On 27 Nov 2003 07:57:45 -0800, [EMAIL PROTECTED] (Thelmo Loisio) wrote:

>On Wed, 2003-11-26 at 17:03, Greg Hennessy wrote:
>
>> You cant use a transparent proxy with a pure bridge. The connection to
>> remote site goes out from the proxy server not the the client.
>
>Well, if you assign to the nics and IP address you can, but maybe this
>for you isn't "pure bridge".

Thats it, you're now at layer 3 rather than Layer 2. 


>I've made another test, squid listen only on 127.0.0.1:3128 

Thats the way I have it here.
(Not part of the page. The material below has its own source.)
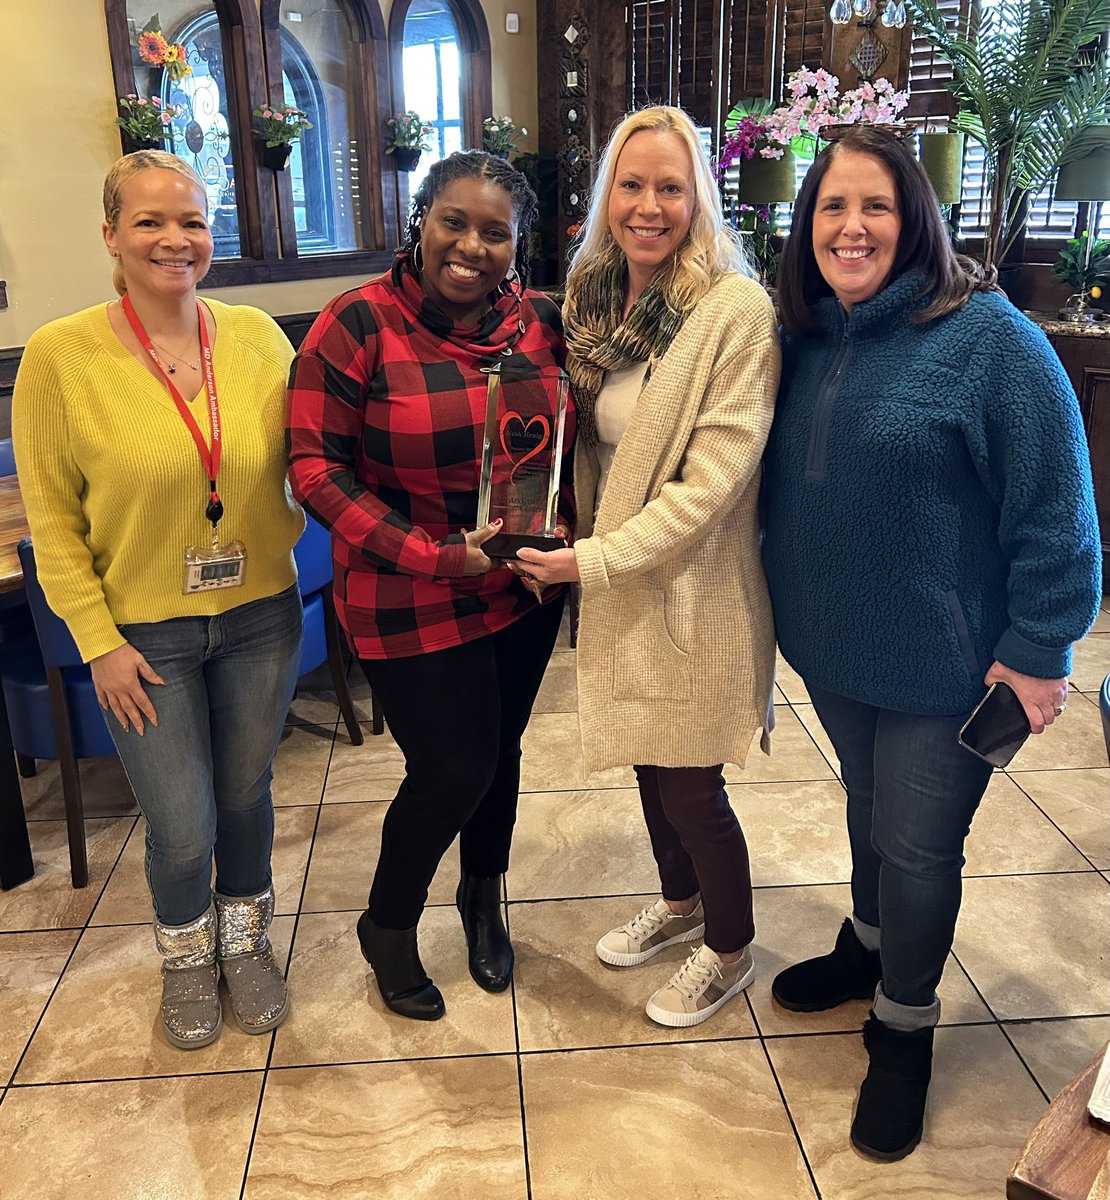 That’s right everyone…the January Heart of @MDAndersonNews is on our team!! Today we celebrated the awesomeness of @Luvelyo! O’Neak is a rockstar known throughout our community for educating about the dangers of tobacco! Thanks for nominating her, @kwindisch98! #EndCancer

If you're not seeing anything in the squid
logs, it sounds like the packet filtering is not quite right.  


KSF="keep state flags S/SA"
TCP="inet proto tcp"
UDP="inet proto udp"

# Add redirect to allow transparent caching of port 80 traffic.
#
rdr on $Inside proto tcp from $Lan to !$Lan port www -> 127.0.0.1 port 3128


Then the following. 

# Localhost
#
pass quick on lo0 $TCP all $KSF
pass quick on lo0 all keep state

Then 

# allow but dont log the following
#
pass out quick on $Outside $TCP from ($Outside) to !$LAN port http user \
_squid $KSF queue (q_def, q_pri) label "ACCEPT: proxy 


I havent used PF @ L2, I prefer working @ L3. 

>the client
>is configured to have the proxy on one ip assigned to one nic on the
>bridged box and on the bridged box i've a rdr rule that catch the
>connection to that ip... well in this configuration everything is
>working good.

Thats inline rather than transparent. 

>
>Any hint is really appreciated. Thanks

two questions, 

you've compiled squid with --enable-pf-transparent enabled ? 
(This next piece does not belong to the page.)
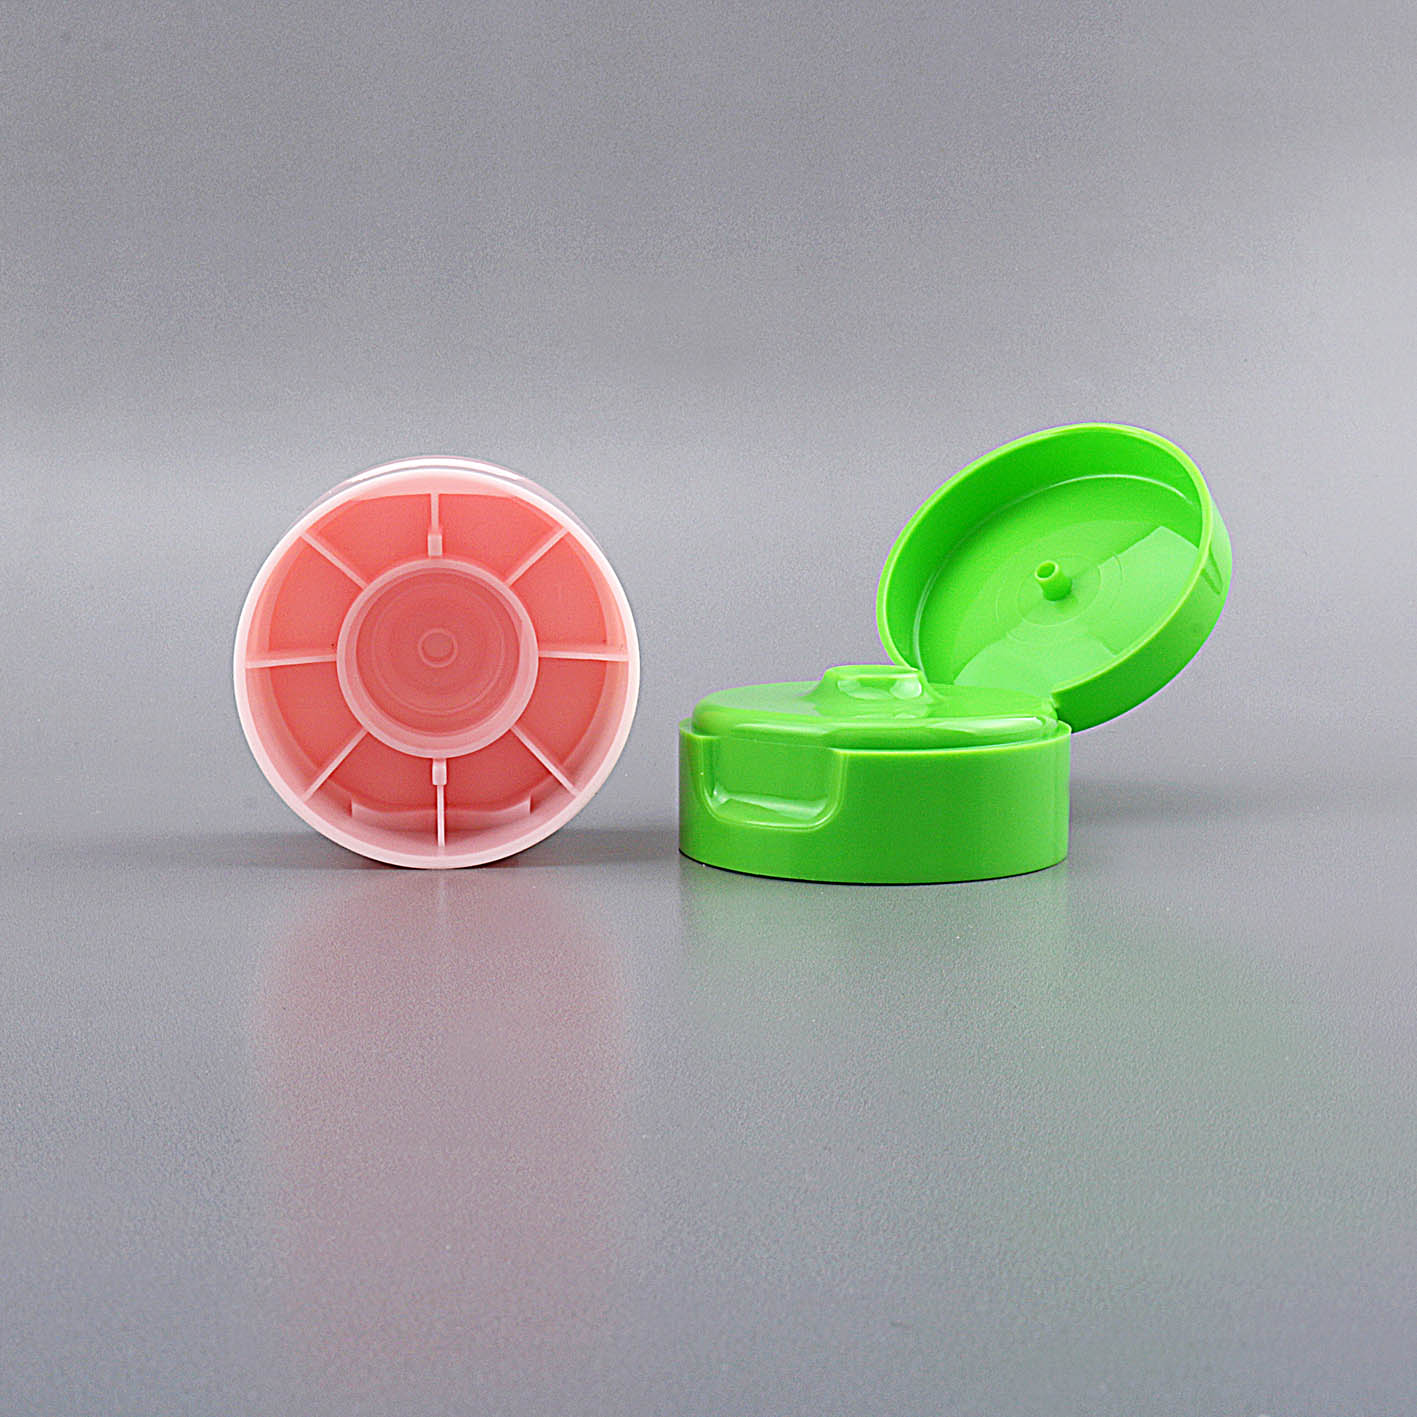 50mm_Diameter_Customized_Shampoo_Tubes_with_Glossy_Flip_Top_Caps4

Have you followed the instructions here.

http://www.benzedrine.cx/transquid.html

If you just want to implement a transparent cache, putting a route map on
your inside cisco and use policy based routing to hand off to squid would
be the way I'd do it. 


greg




-- 
$ReplyAddress = Use google to figure it out. 
The Following is a true story.....
Only the names have been changed to protect the guilty.